We have discussed contributor roles for blog posts for several months, in particular with the ropensci team. And when the ropensci blog launched support for contributor roles two weeks ago, Rogue Scholar finally had blog post metadata with contributor roles. ropensci implemented the following roles, and they are now all picked up by Rogue Scholar:
- Editor (who edited the blog post), e.g. https://doi.org/10.59350/510pg-zzf58
- Translator (who translated the blog post), e.g. https://doi.org/10.59350/b73e6-3wm19
- Interviewee (who was interviewed for a blog post), e.g. https://doi.org/10.59350/s8m95-ap410
The last blog post looks like this in the Rogue Scholar frontend:

In the backend InvenioRDM makes a distinction between authors/creators and contributors, similar to the DataCite data model it is based on. Therefore Rogue Scholar first lists the authors (who can't have a role in DataCite), followed by the contributors (who must have a role, aka contributorType).

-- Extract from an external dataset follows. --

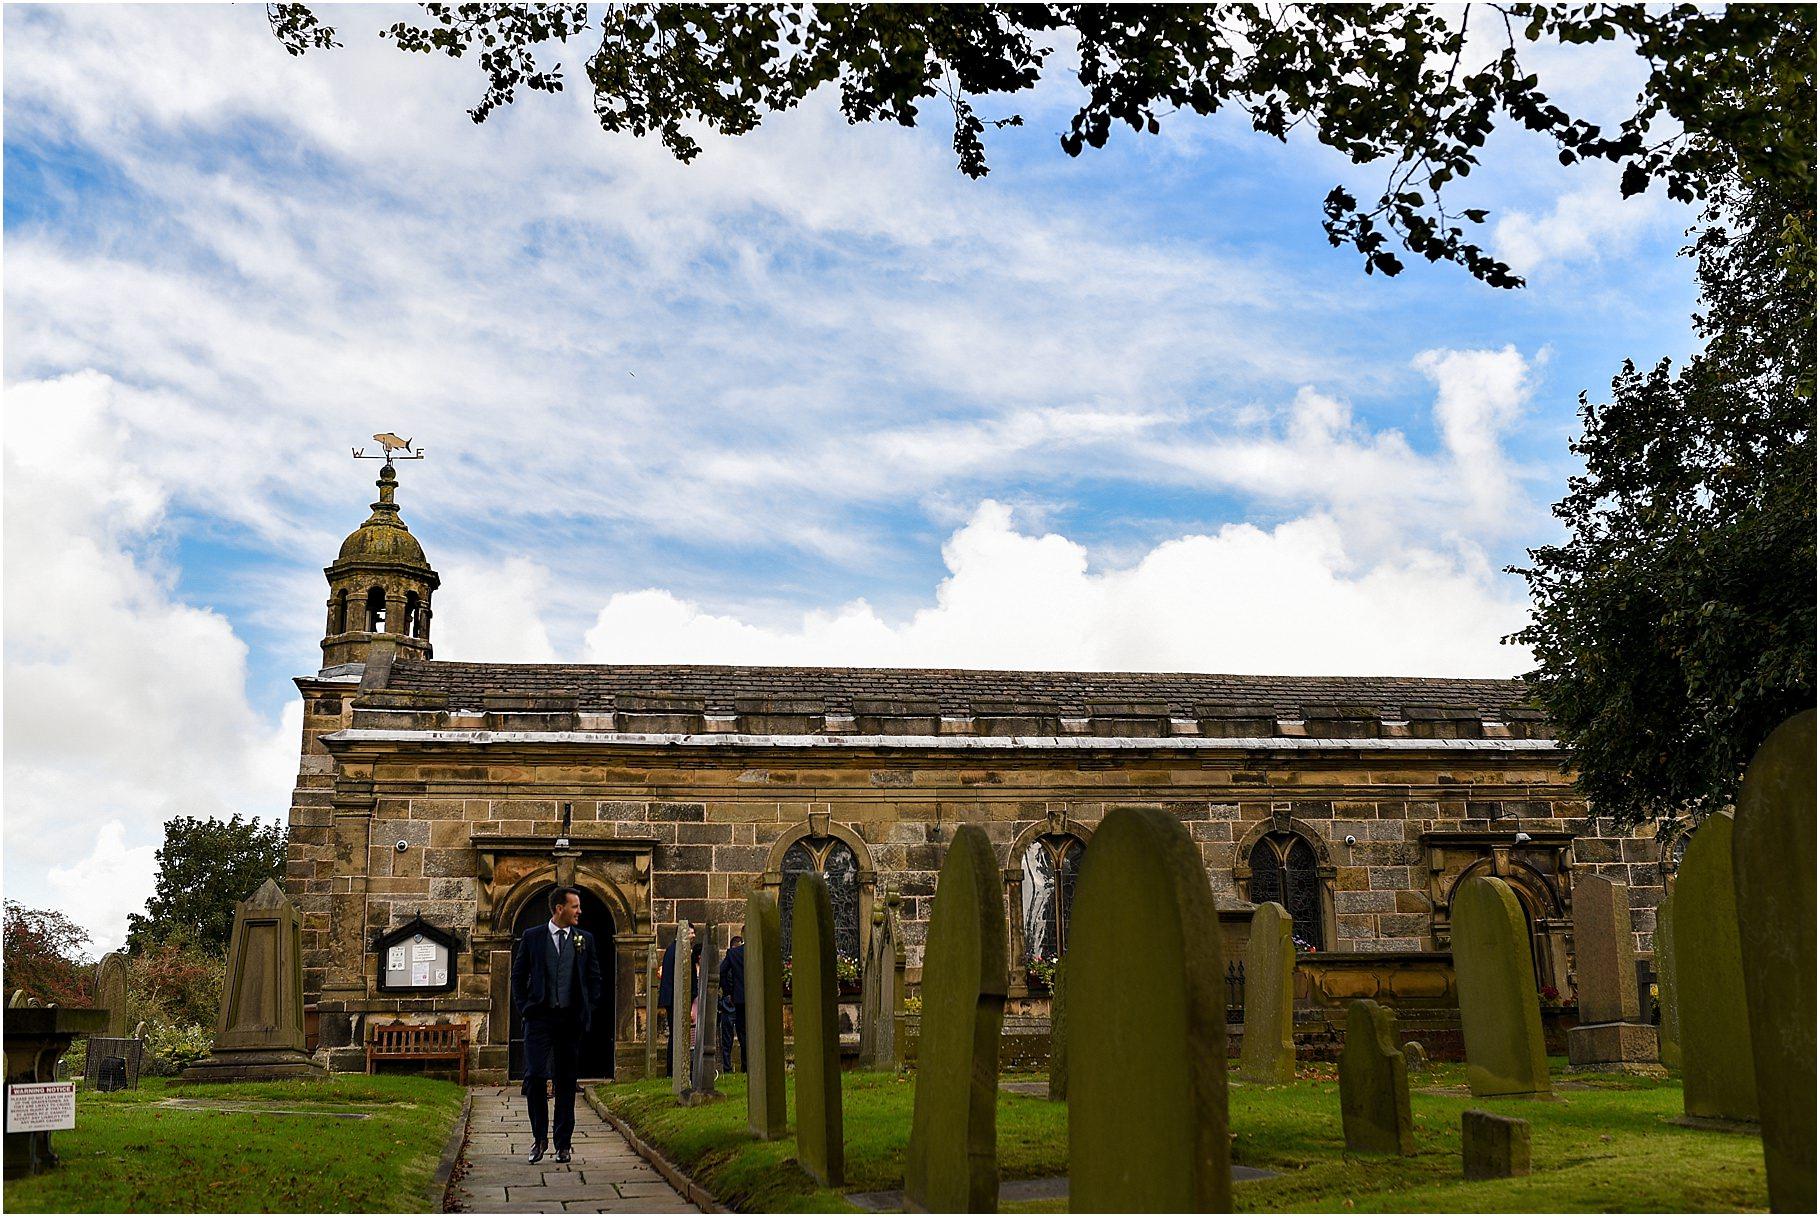 bartle-hall-wedding-photography-026.jpg

Crossref metadata support the roles editor and translator, so this information is passed on during DOI registration, as Rogue Scholar uses Crossref DOIs. Whether these roles are shown in a formatted citation depends on the citation style, and currently this is probably the exception.
At this time neither InvenioRDM (the repository platform powering Rogue Scholar) nor Crossref support multiple contributor roles. Crossref plans to add support for CrediT contributor roles in 2026, and at this point might add support for multiple roles, which are common in CrediT.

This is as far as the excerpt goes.